The plaintiff, Adrian Schoolcraft, is a decorated U.S. Navy veteran who received multiple commendations as an eight-year member of the NYPD, according to a complaint filed yesterday in Manhattan federal court. The suit claims police officials tried to “intimidate” him and “retaliate” after he revealed an “illegal” policy requiring officers to boost arrests, falsify reports and suborn perjury to manipulate crime statistics.

Schoolcraft’s suit alleges he was taken from his home in Glendale, Queens, on Oct. 31 -- and confined against his will in Jamaica Hospital Center’s psychiatric ward for six days to “discredit his allegations.”

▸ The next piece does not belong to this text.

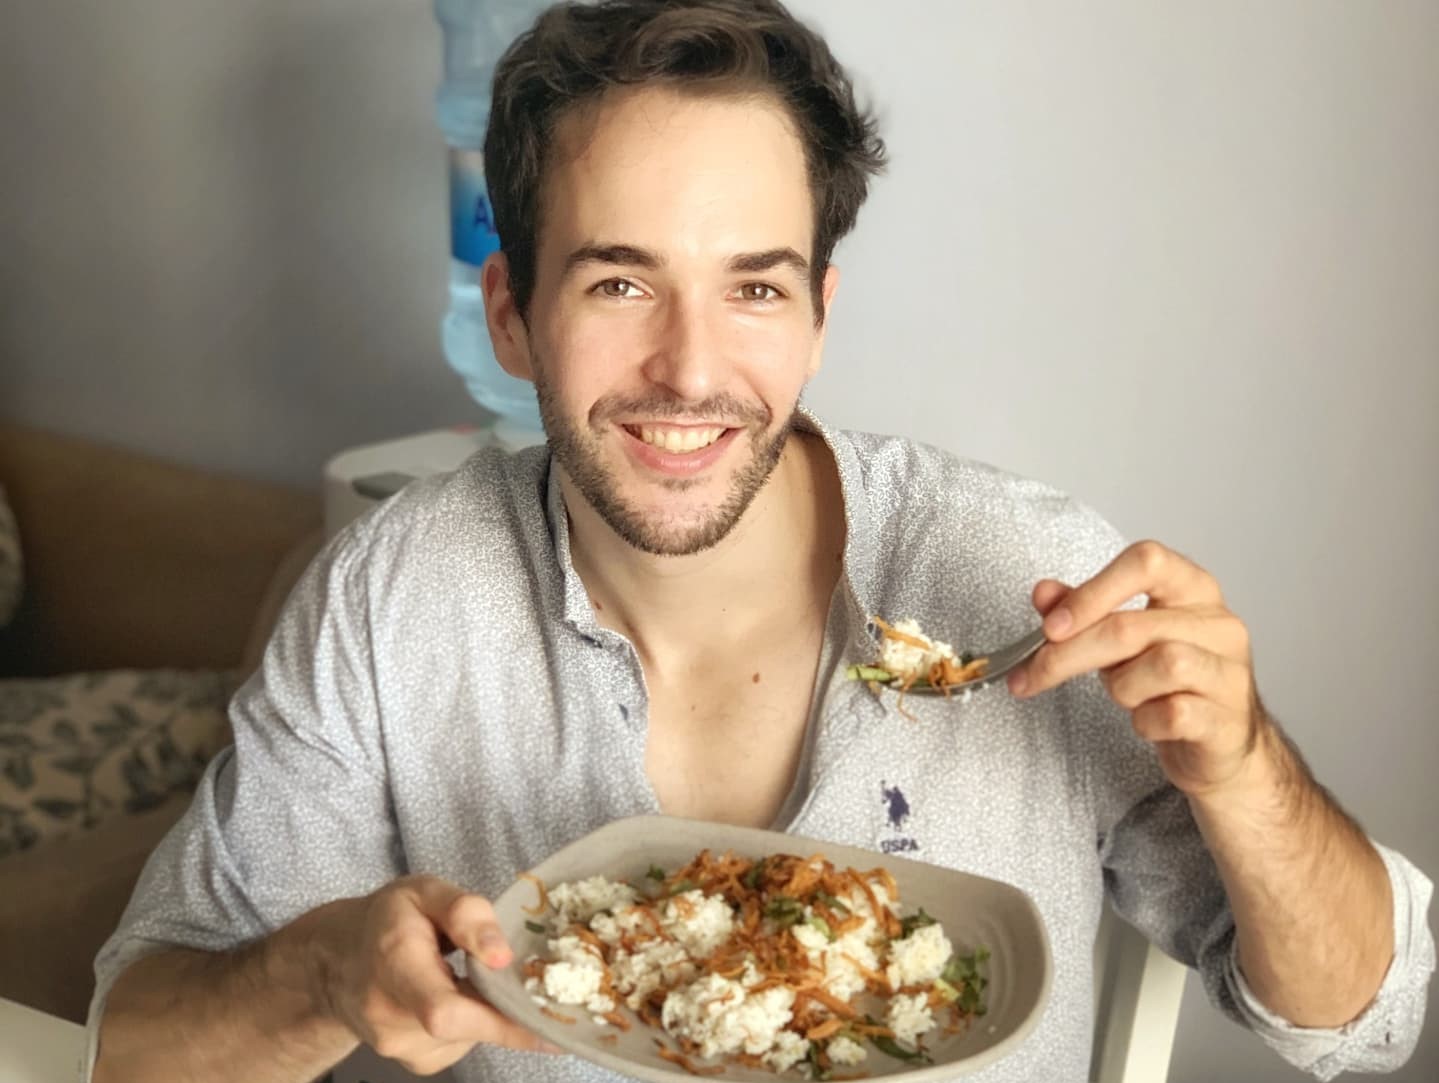 Frenchman earns massive local fandom thanks to his love of Vietnamese food

Police “unlawfully entered plaintiff’s home, had him forcibly removed in handcuffs, seized his personal effects, including evidence he had gathered documenting NYPD corruption,” before taking him to the facility, Schoolcraft said in the complaint.

Manipulated Statistics

Schoolcraft’s allegations of misconduct first came to light in February, when the New York Daily News reported that the 81st Precinct in the Bedford-Stuyvesant area of Brooklyn, where he was based, was under investigation for manipulating statistics in an effort to drive down reported crime rates.

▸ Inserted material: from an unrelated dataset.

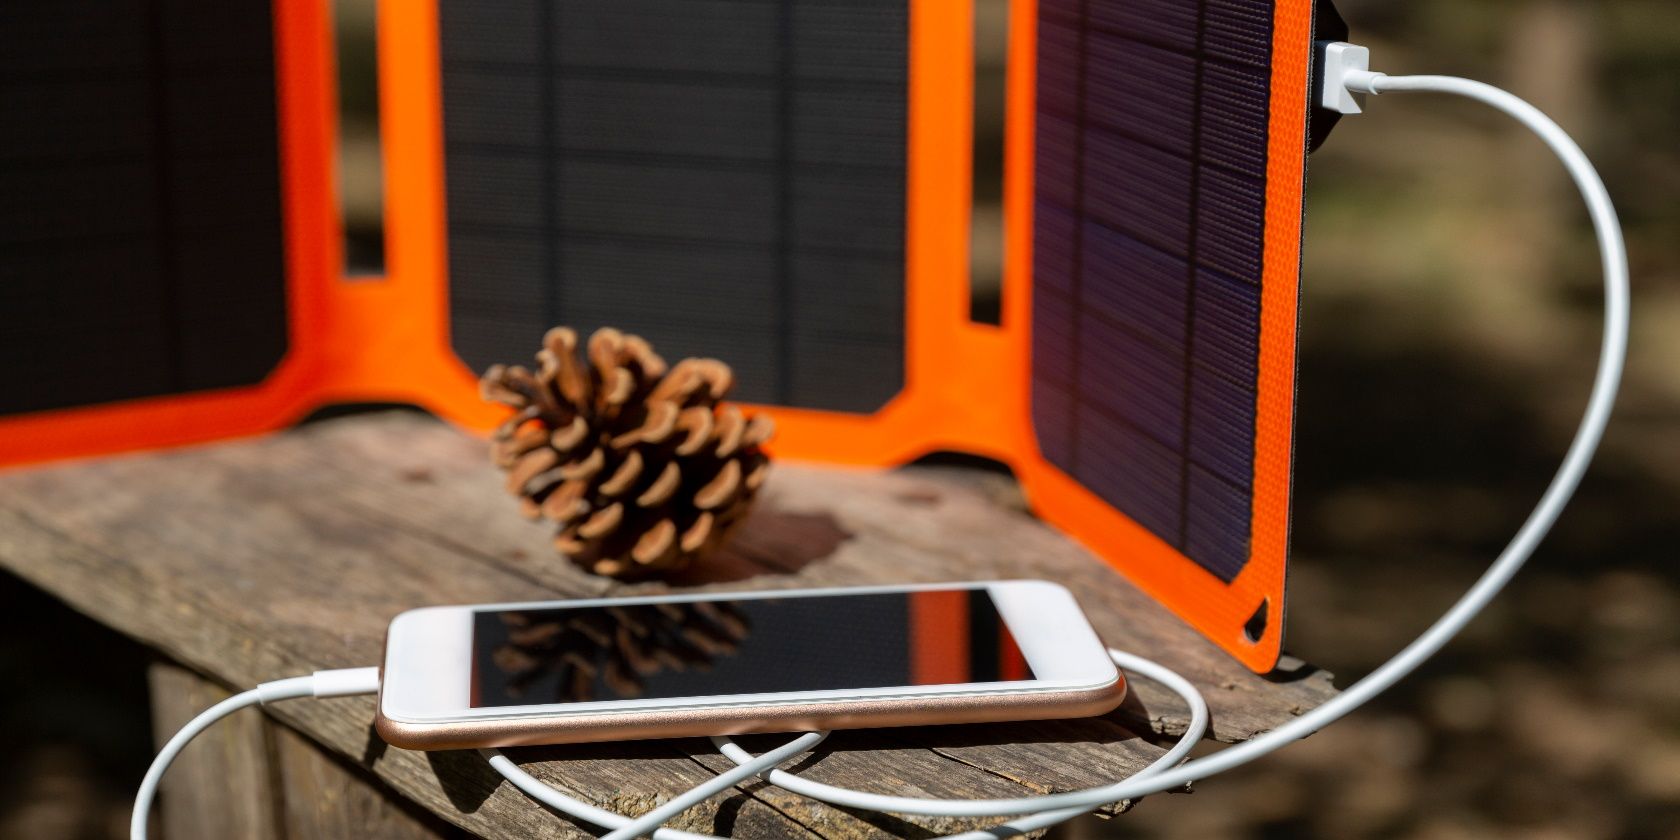 Solar-Powered Music Devices

The Village Voice, a weekly New York newspaper, published a series of articles in May detailing what said were recordings Schoolcraft made of precinct roll calls and meetings with supervisors and internal investigation units from July 2008 to September 2009. Some of the recordings were posted on the paper’s website.

Paul Browne, an NYPD spokesman, and Natifia Gaines, a spokeswoman for Jamaica Hospital’s owner, Medisys Health Network Center, declined to comment. Connie Pankratz, spokeswoman for New York City’s Law Department, said the city hasn’t received the lawsuit yet and declined to comment.

Schoolcraft, who has been suspended without pay since his alleged hospitalization in October, now lives in upstate New York, his lawyer, Jon Norinsberg, said in a telephone interview.

‘Campaign of Retaliation’

His father, Larry, sought advice on how to handle the department’s “campaign of retaliation and intimidation” from David Durk, who helped former NYPD detective Frank Serpico expose police corruption in the 1970s, the lawsuit says.

Durk contacted the department’s Internal Affairs Bureau in August 2009 to report alleged corruption in the 81st Precinct, where Serpico began his career. Serpico’s efforts to combat corruption in the NYPD were chronicled in the 1973 film “Serpico,” starring Al Pacino. Adrian Schoolcraft contacted internal affairs two days after Durk, according to the lawsuit.

New York City Mayor Michael Bloomberg is founder and majority owner of Bloomberg LP, the parent company of Bloomberg News.

The case is Schoolcraft v. The City of New York, 10-06005, U.S. District Court for the Southern District of New York (Manhattan).